Oh dear
It should probably go without saying that my boss has moments of inexplicable insanity. After all, he did hire me and that's not the act of a rationale human by any stretch. Great guy and fabulous employer, but sometimes I cannot fathom what possessed him.
One of the latest manifested impulses on his part was the purchase of an energy drink of dubious province in sizable quantity. We have and do stock energy drinks along with the more expected items of a porn-flavored outlet. They aren't exactly flying off the shelves, but now and then a customer will decide to fortify themselves with a can or two before doing that thing they itch to do. If nothing else, it provides my staff with life-saving caffeine on those days when fatigue has settled over them like a lead shag carpet.
Apparently, the muse of innovation was whispering in his ear when the salesperson happened by. I'll grant it this much, it is different. Also if the cans are to be credible, they have four times the kick of a Red Bull. OK, I can see giving it a trial.
Our definitions for how many items should make up a trial run seem to be quite divergent.
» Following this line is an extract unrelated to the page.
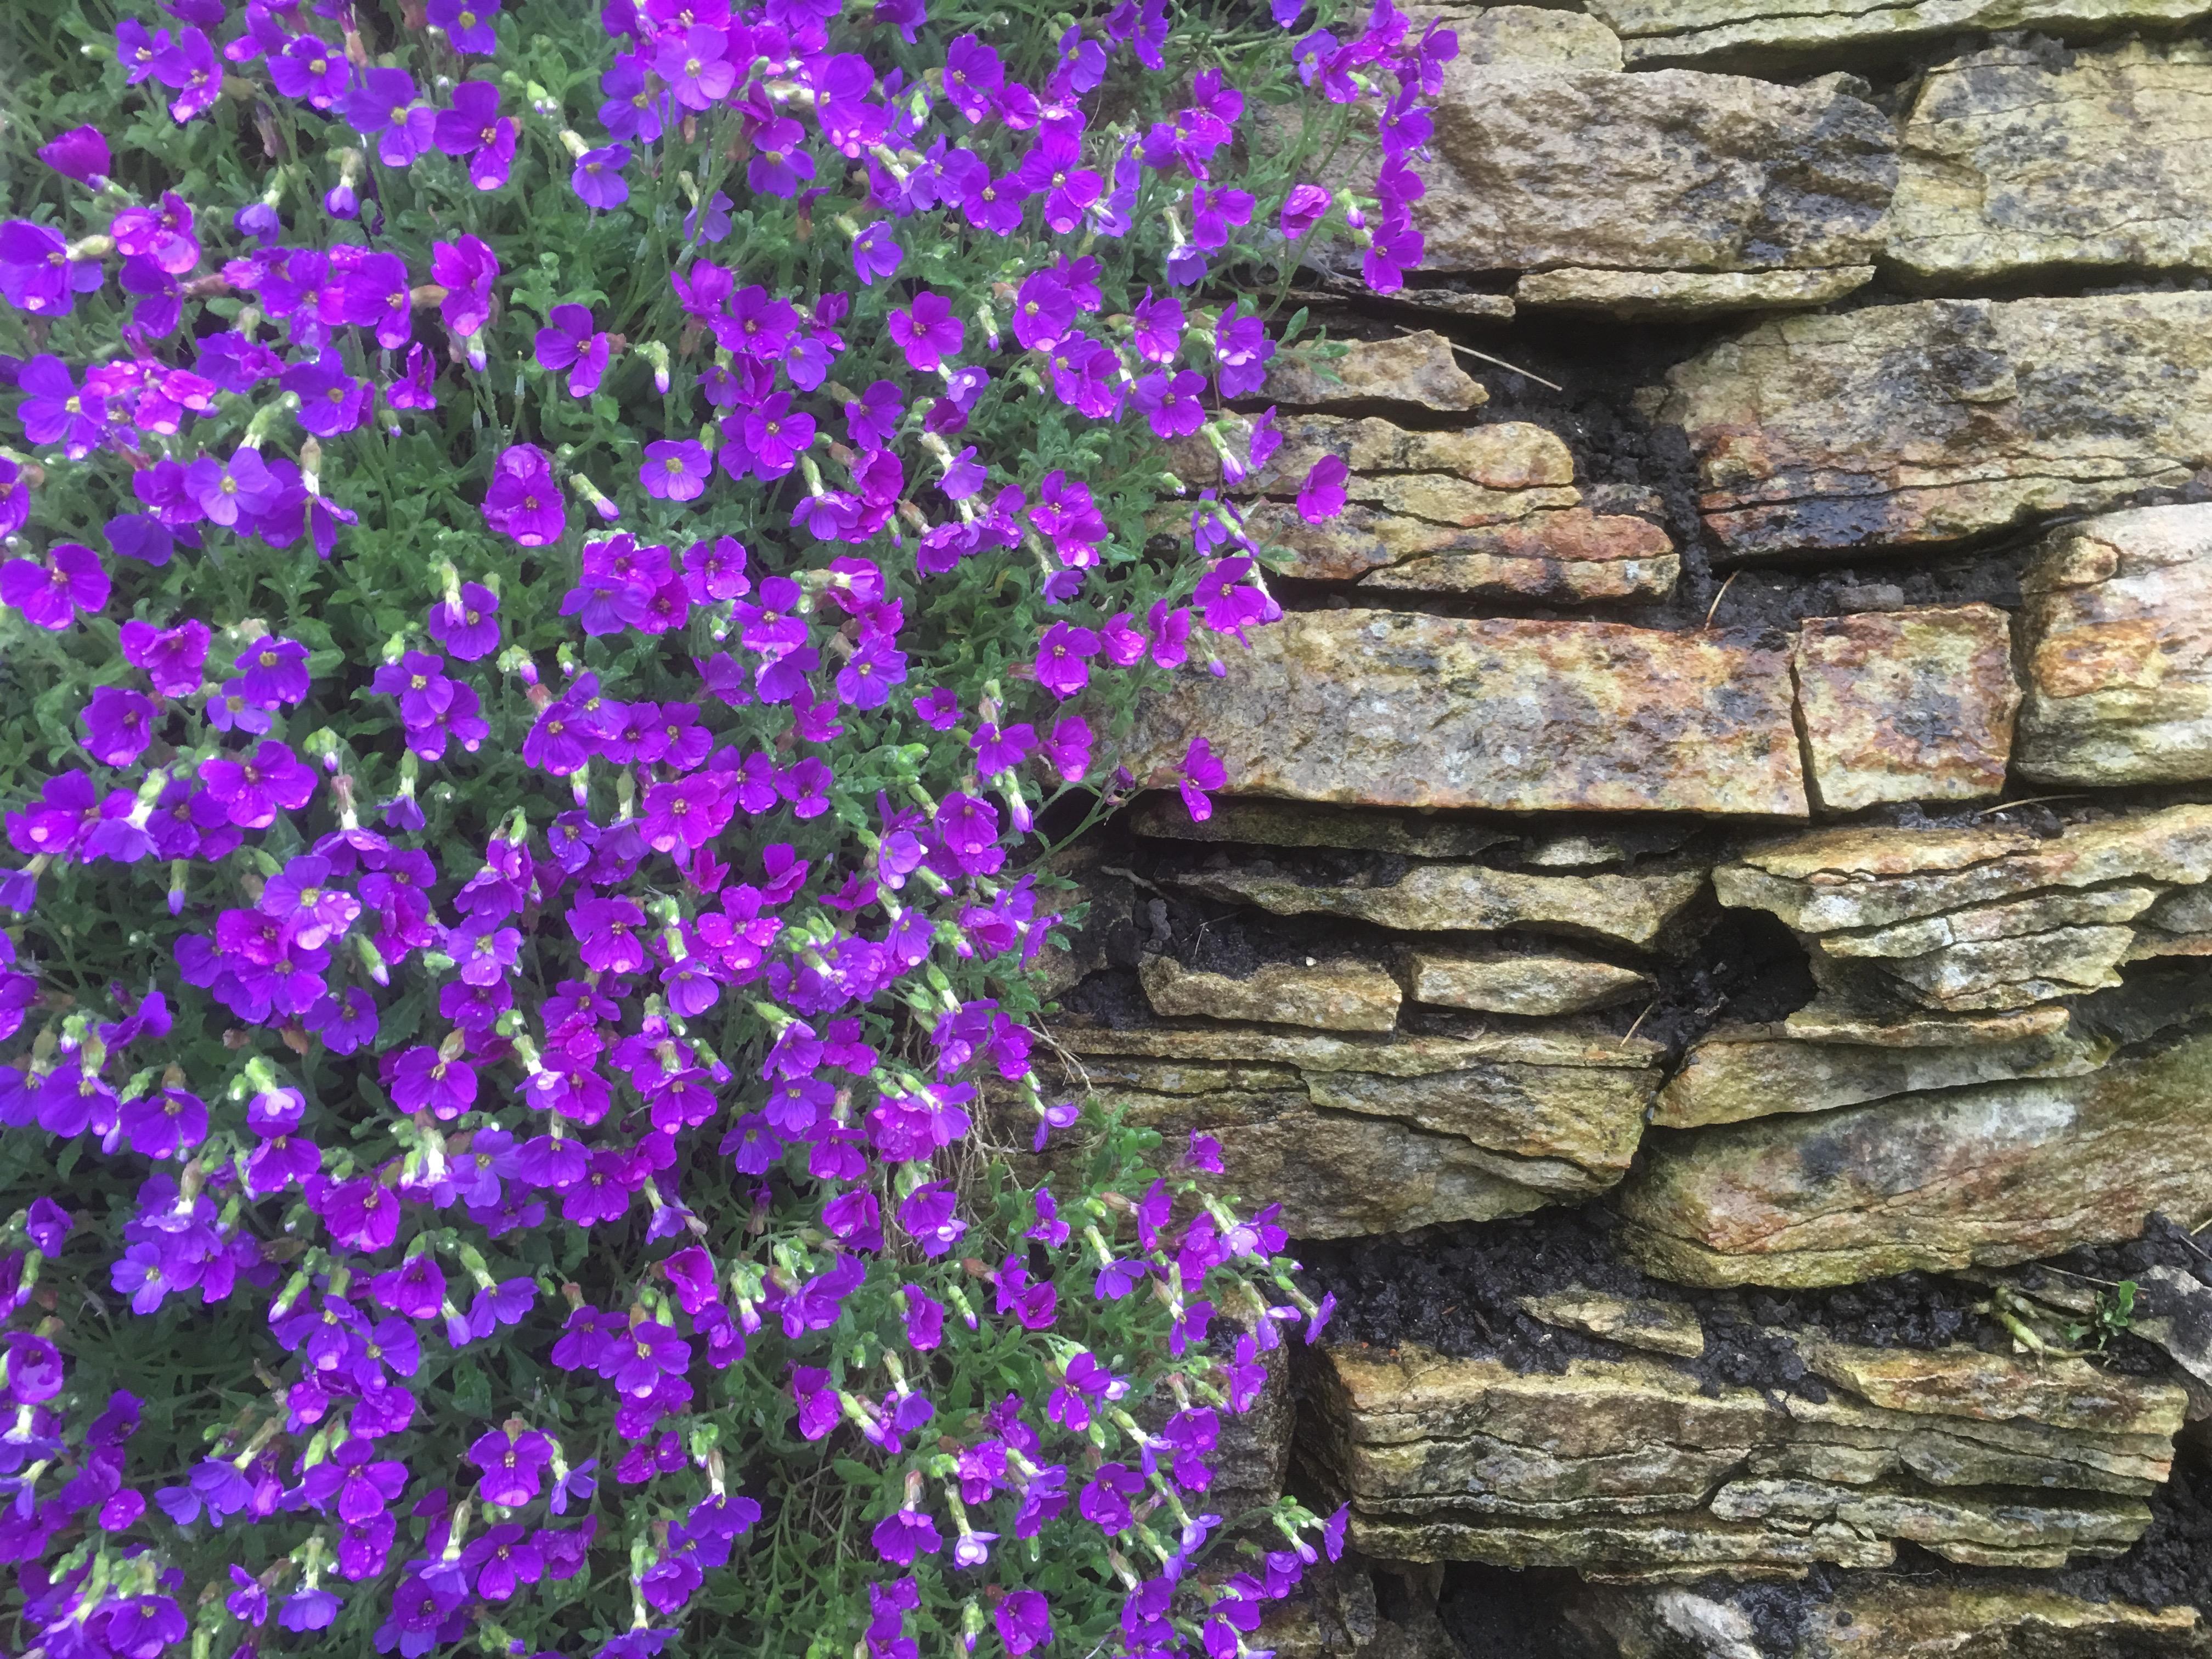 Aubretia on the Patio Wall

Oh well, perhaps we'll sell a lot of it and my concerns will be for naught.
I even sampled one.
I managed to endure two sips.
I don't know about the rest of the world, but a beverage that tastes like a thin berry syrup with a habaƱero chaser strikes me as appealing to a narrow percentage of taste-buds regardless of how effective it is as a pick-me-up.
I suspect I'm going to be seeing those festively labeled cans sitting on the shelves for quite some time.